[What to produce] Starting at the line that contains "札幌 新型 コロナ ウイルス 病院", reproduce only the lines through the end of the data, exactly, including both the first and the last; skip the pictures.

[Provided material]
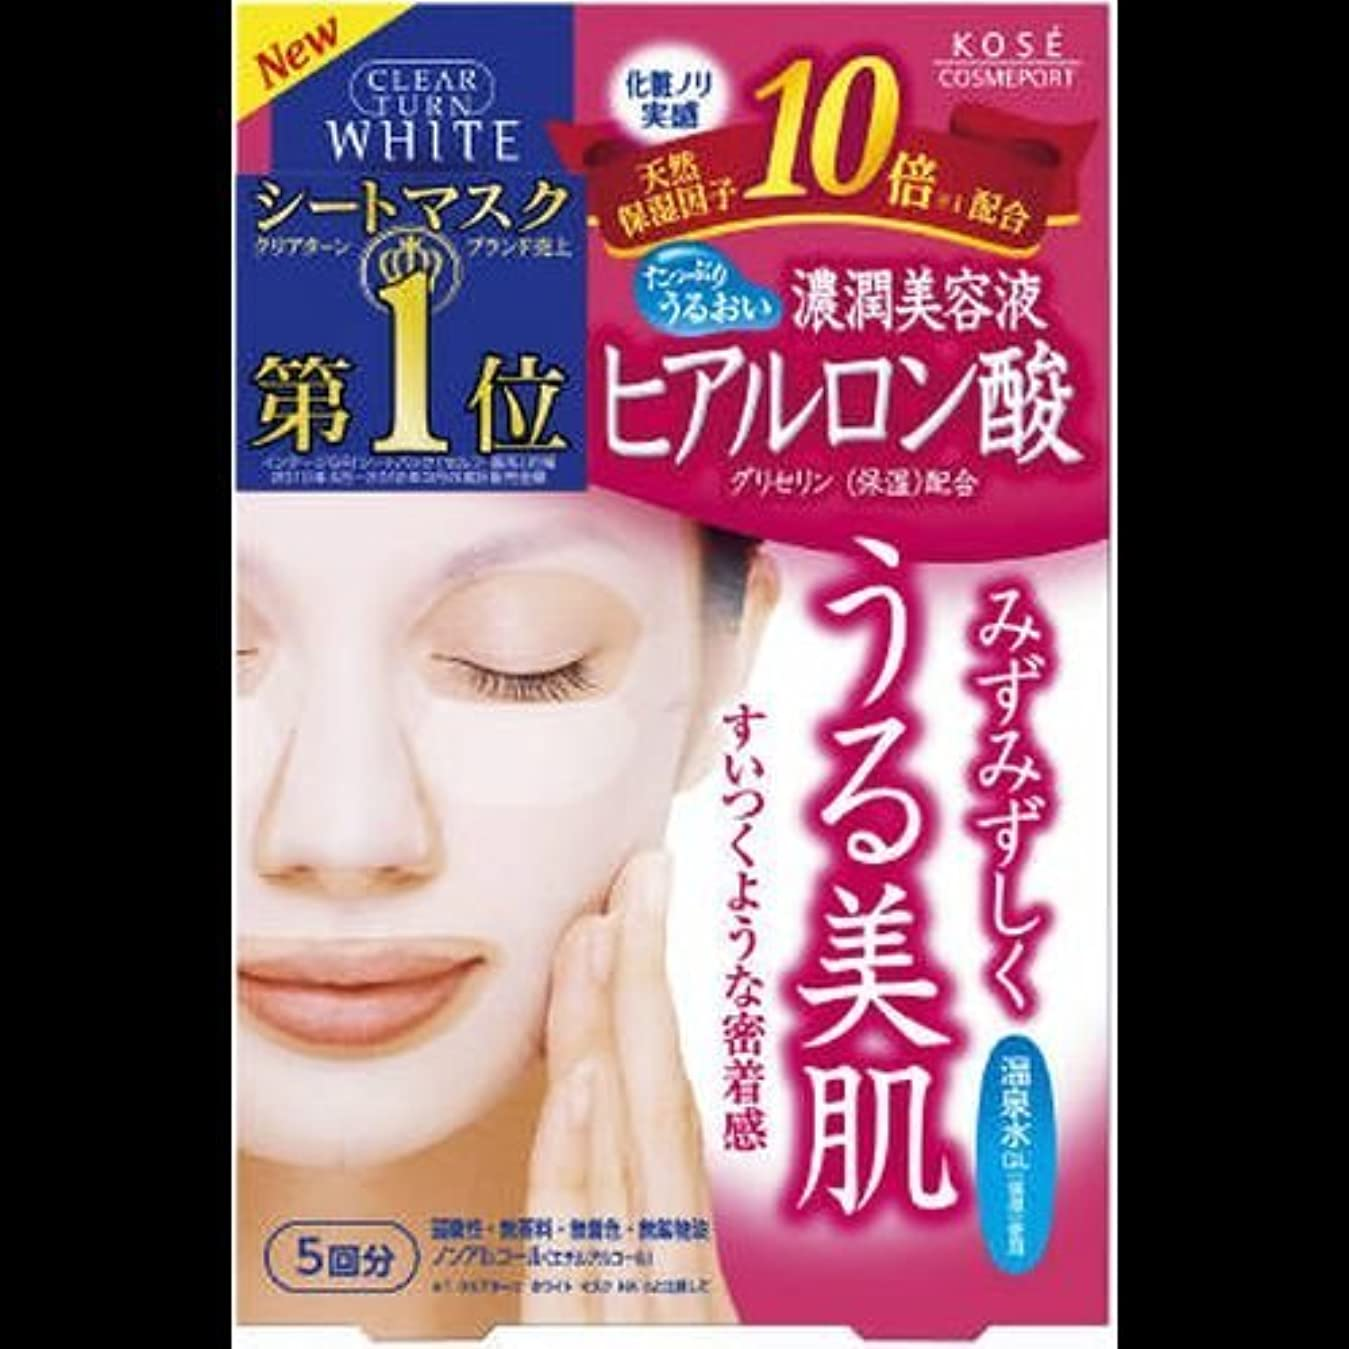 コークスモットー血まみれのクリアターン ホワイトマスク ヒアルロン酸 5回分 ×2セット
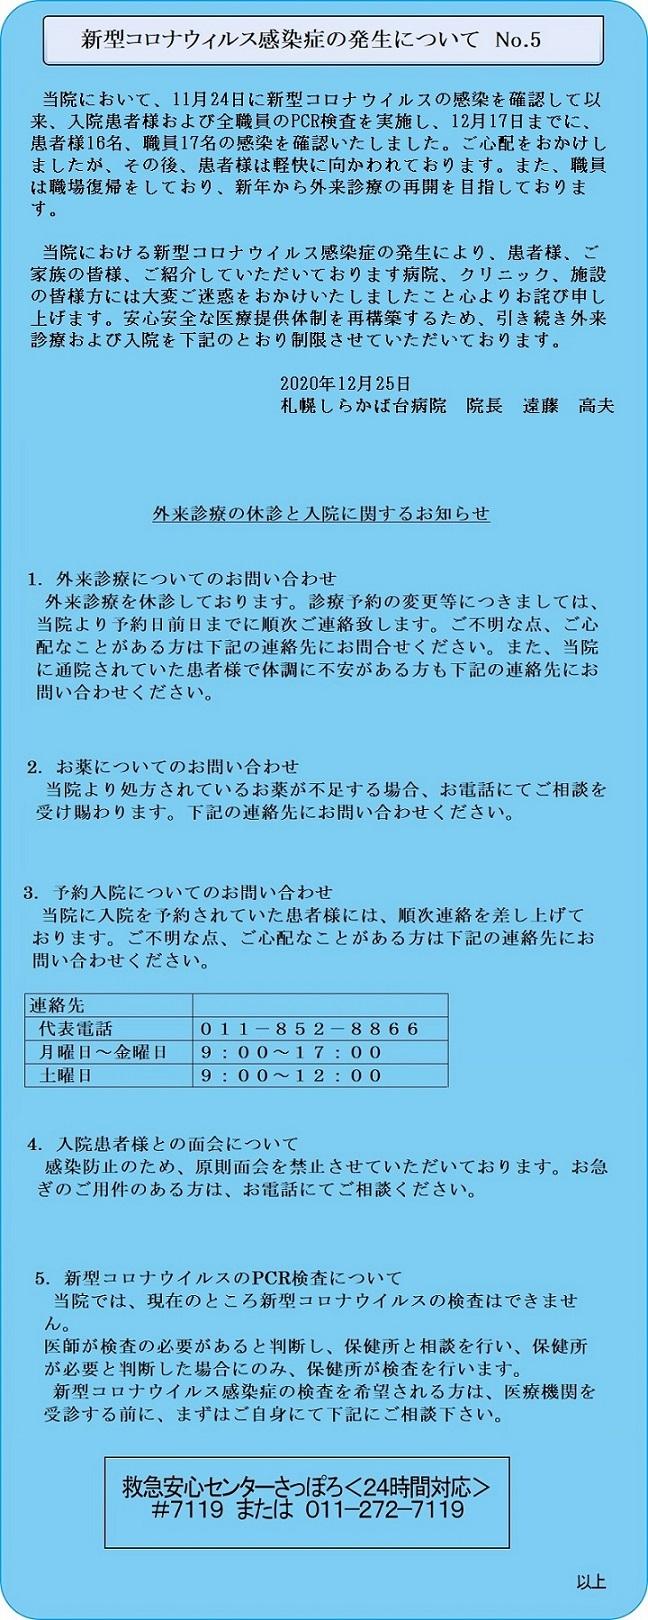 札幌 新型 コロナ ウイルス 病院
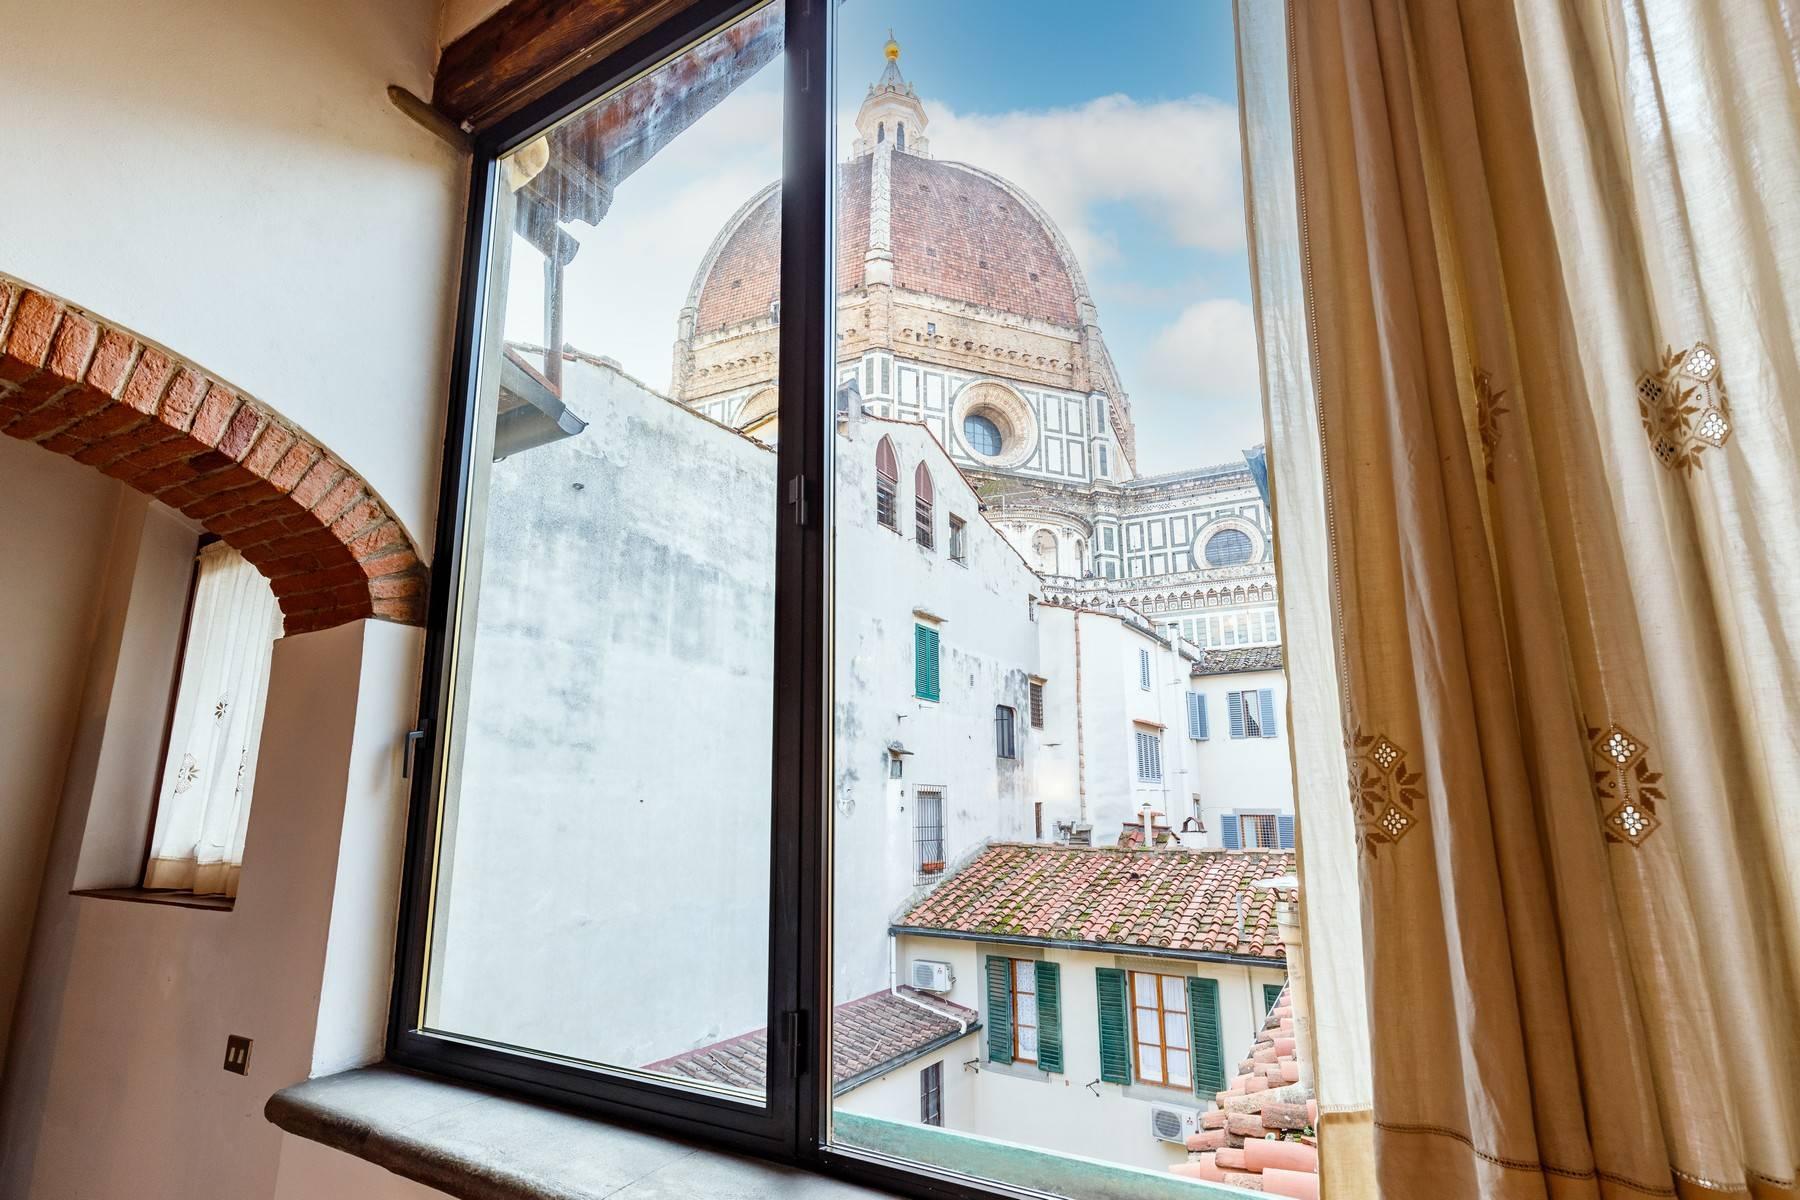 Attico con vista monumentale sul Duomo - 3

[Response to this task]
 札幌 新型 コロナ ウイルス 病院
 Attico con vista monumentale sul Duomo - 3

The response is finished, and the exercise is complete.